Ahora es su testigo que está dispuesto a declarar ante un juez, para demostrar
la farsa de sus testigos que declaran en nombre de la verdad, y la justicia —
entraron con el detective, agentes policiales y tres fiscales de la capital, para
hacer la detención del que fuera, hasta ese momento el comisionado, Luciano
Negrero.
—No puede ser —le respondí al impostor, sintiendo de súbito que mi alma
se me estaba cayendo al piso y que un denso remolino de sombras, estaba
girando en mi contra.
—El homicidio de Silvano Vasconcelos, fue llevado a cabo por órdenes del
dueño del laboratorio Ferriquim, el ingeniero Elio Barrientos que traigo
conmigo, ¡este tonto dio la orden de asesinar al profesor! Porque temía que
Natalia divulgara sobre producciones y demás modificaciones de la estructura
molecular de las drogas, en especial la Alfa PVP, advertencia que ya le había
hecho en su oportunidad, contaba con el audio claro de esas conversaciones, ¡y
porque pretendía quedarse con la mujer del educador! Interés que compartía
en común con la doctora Rosi Lugo, por mostrar sus conocidas inclinaciones a
la generación LGBTI —estalló una empoderada sorpresa. La imagen del
testigo, en la pantalla del monitor, fue apagada por el comisionado, dejando
entrever, cierto grado de arrogancia y satisfacción.

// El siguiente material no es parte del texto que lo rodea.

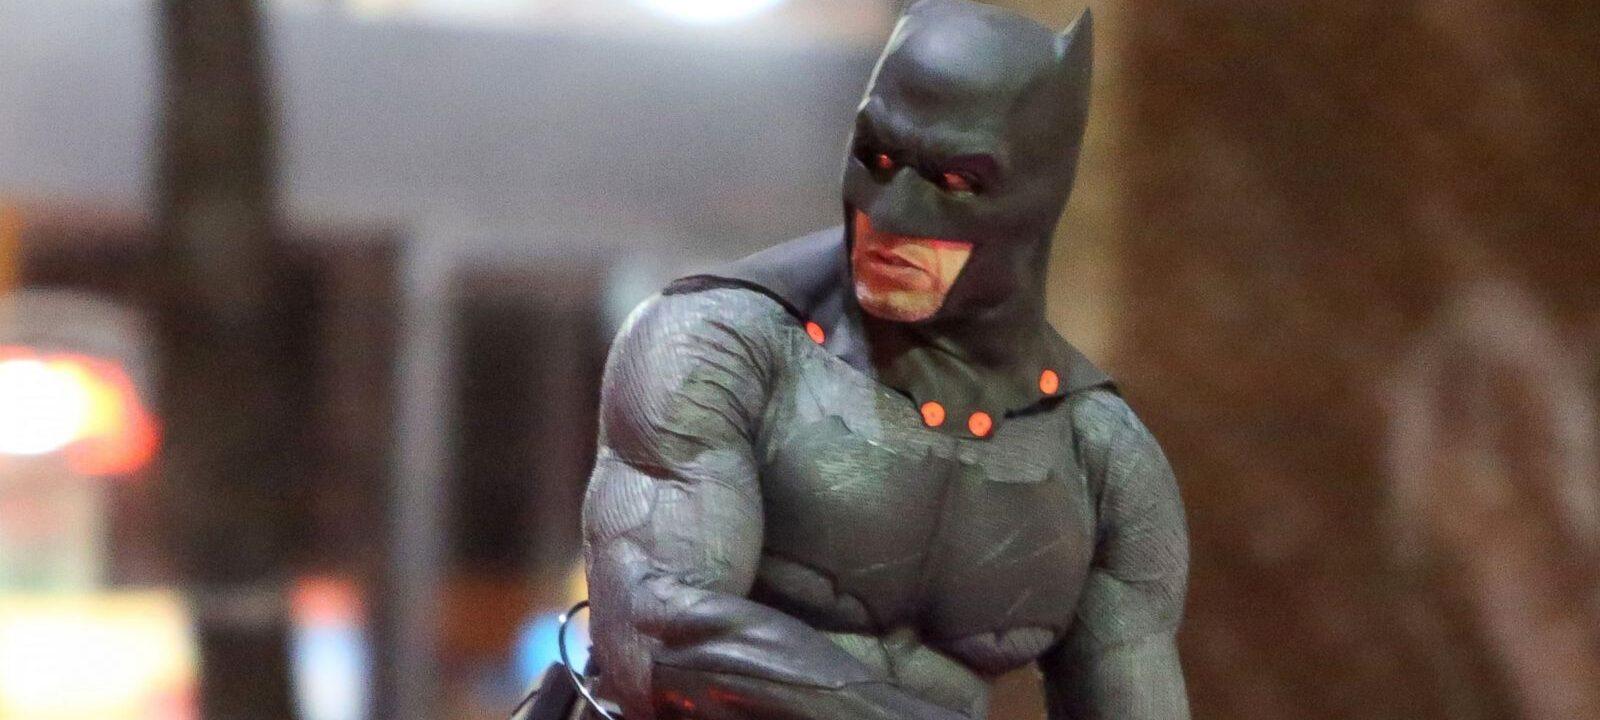 Ayer Cut; David Ayer; Batman; Esquadrão Suicida

—Pero yo cuento con mi testigo que sabe la verdad, demostraré lo
contrario de su investigación detective —refunfuñé, mientras fui atacado por
una alergia nerviosa, estaba metido en el azaroso mundo de las dificultades.
De momento y para sorpresa de todos, mientras el enojo ardía en todo mi ser,
fueron saliendo de los costados, apilados enjambres de mariposas negras
revoloteaban buscando la salida de aquella inusitada reunión.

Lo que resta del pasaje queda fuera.